I'm creating a new service, nfs-rdma, that's intended to be started after nfs
and stopped before nfs that enables and disables rdma support. The rdma init
script now checks to make sure that nfs-rdma support is disabled before downing
the rdma service. If the nfs-rdma service fails to stop (because things are in
use) then you can down the nfs service and then down the nfs-rdma service
(which is backward order, but should work as downing the nfs service will free
up the kernel modules to be unloaded). Will be present in rdma-1.0-8 or later.
That will let me remove my modifications to get NFSoRDMA starting, but I don't think it is going to help when stopping the rdma service -- I've looked around a bit, but I don't see a way to forcibly disconnect clients from the NFS server, which keeps the use count non-zero on the nfsd and svcrdma modules, preventing their removal.

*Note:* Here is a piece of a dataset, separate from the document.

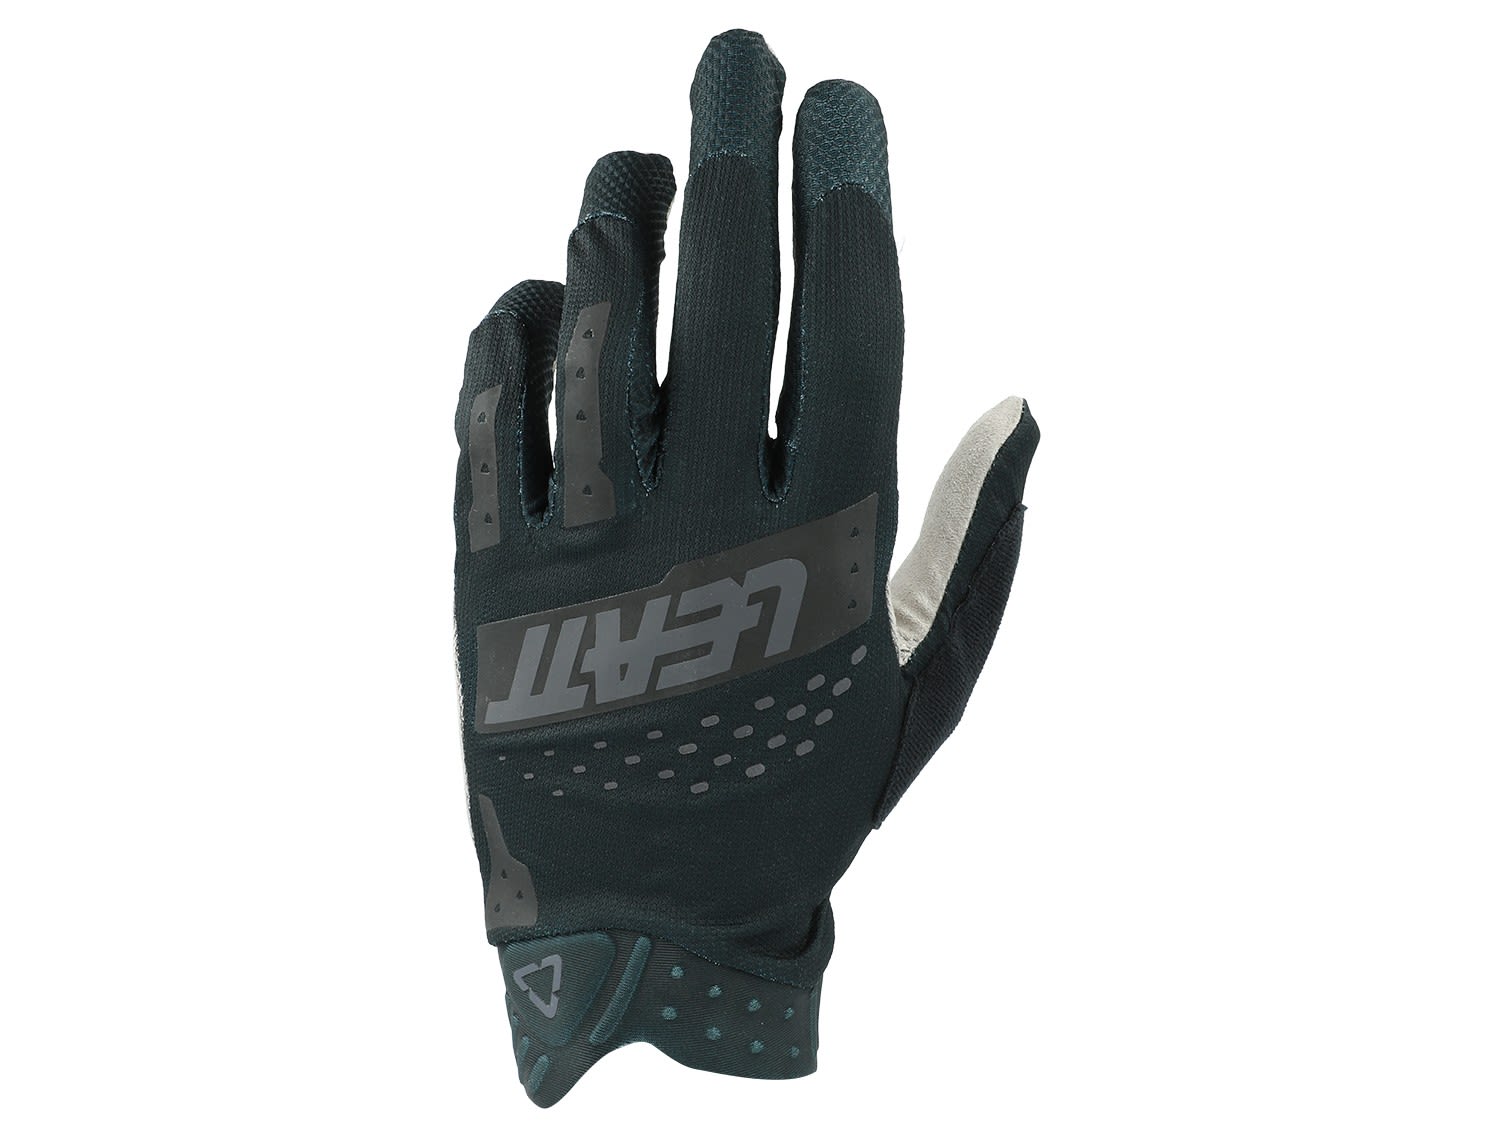 Leatt Glove MTB 2-0 X-Flow Schwarz- Fingerhandschuhe- Grsse S - Farbe Black unter Leatt

There may be a way; I just haven't found it yet -- or it may be a different issue than I think.
I've also seen a similar problem with the NFS client, as even after unmounting all of the NFS filesystems, I still cannot rmmod xprtrdma.
I'm starting to wonder if the best workaround at the moment is to see if the scripts can detect we're going to runlevel 0, 1, or 6 and just not try to remove the modules.
Fixed long ago but bug was not autoclosed.